А пока оденусь в одежку попроще — и на работу. И Лену увижу, и новостей скоропомощного сообщества наберусь.
Приехал я чуть пораньше, и пока моя бригада была где-то на вызове, посидел с ребятами, попил чаю, развлек народ рассказами про заграницу. Блин, да почему же большая часть расспросов про то, сколько стоит снять проститутку, ходили ли мы в порнокинотеатры и удалось ли накупить дешевых джинсов и магнитофонов? Про конференцию хоть бы кто спросил. А там ведь решались вопросы офигенной важности. Уже сейчас бактериологи обеспокоены появлением микрофлоры, против которой антибиотики не очень-то и эффективны. А наших интересует, сколько стоит минет в придорожных кустиках.

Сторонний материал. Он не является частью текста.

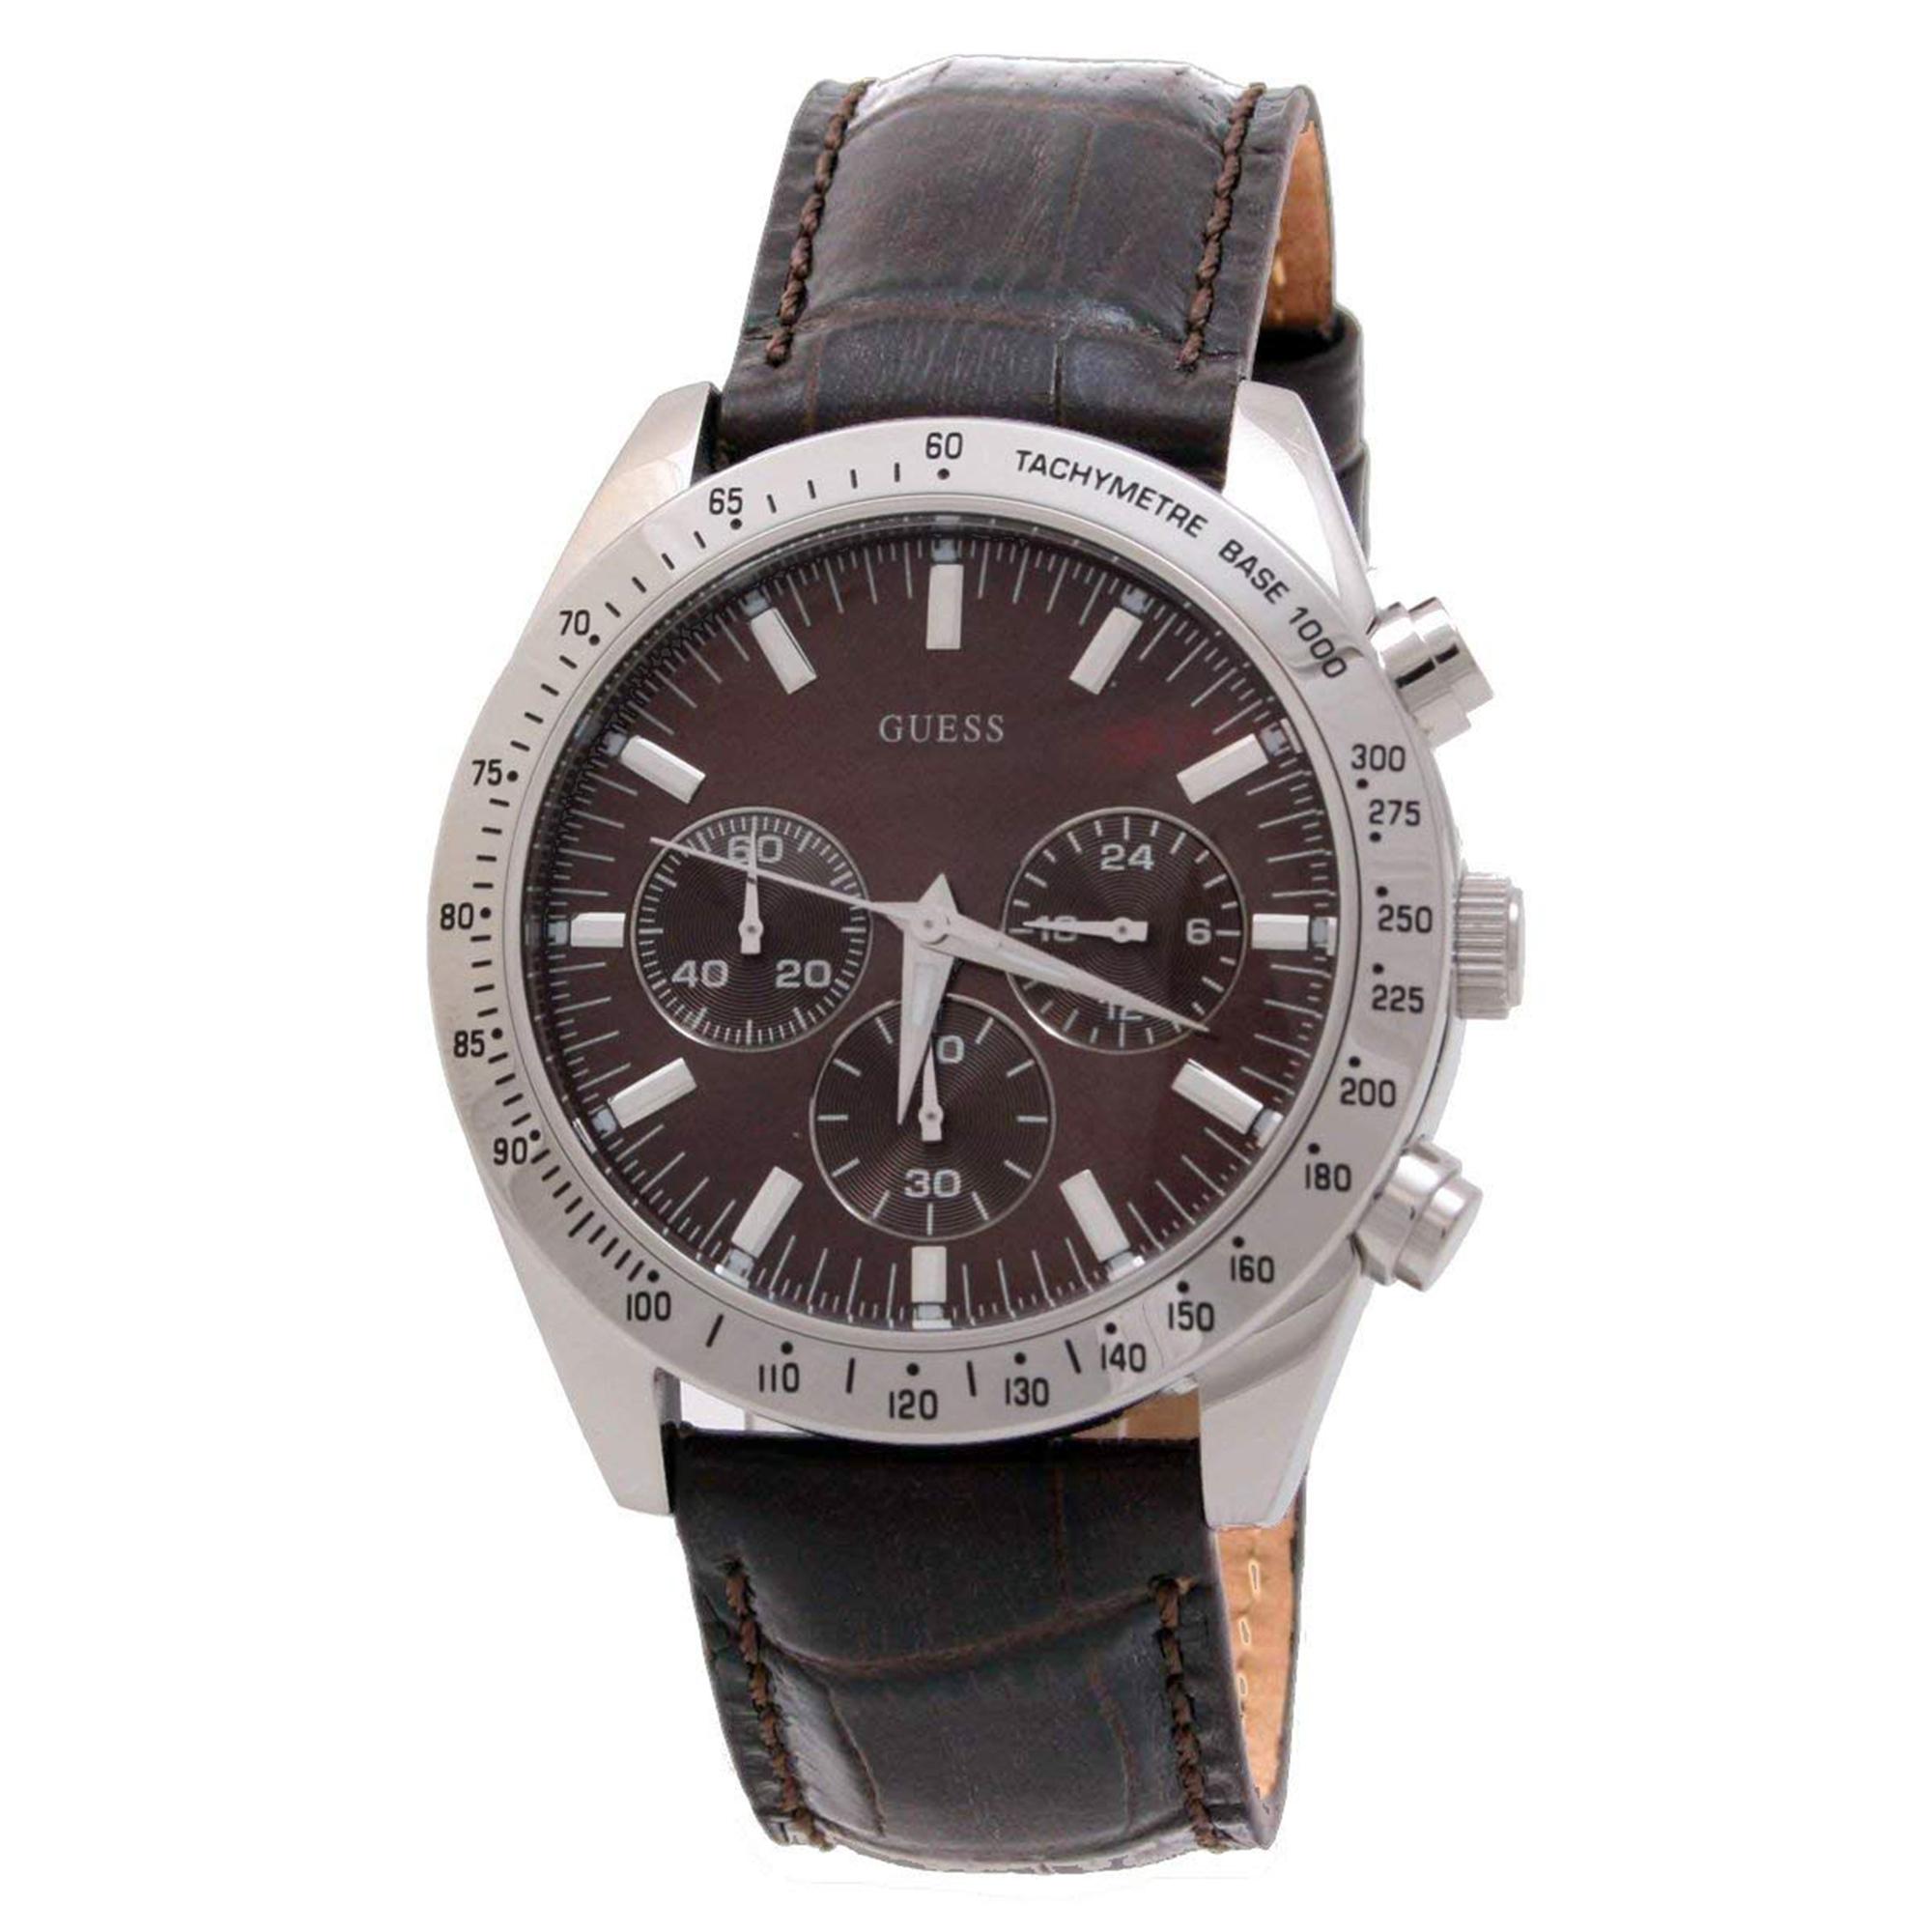 ساعت مچی عقربه ای مردانه گس مدل W12004G2 52

Второй важной темой была диверсия, жертвой которой пал Серега Чуб, усатый здоровяк, мой сосед по шкафчику. Третьим в нем жил Саня Авдеев. Так вот, вчера ребята с восьмой бригады, которым надоело, что коллега Миронов постоянно пьет воду из их посуды, взяли и налили в кружку четыре ампулы фуросемида. Ну, чтобы до паразита дошло, что воду надо пить из своей посуды, а набирать самостоятельно. К сожалению, снаряд пролетел мимо и раствор жахнул в пару глотков Серега, только приехавший с вызова.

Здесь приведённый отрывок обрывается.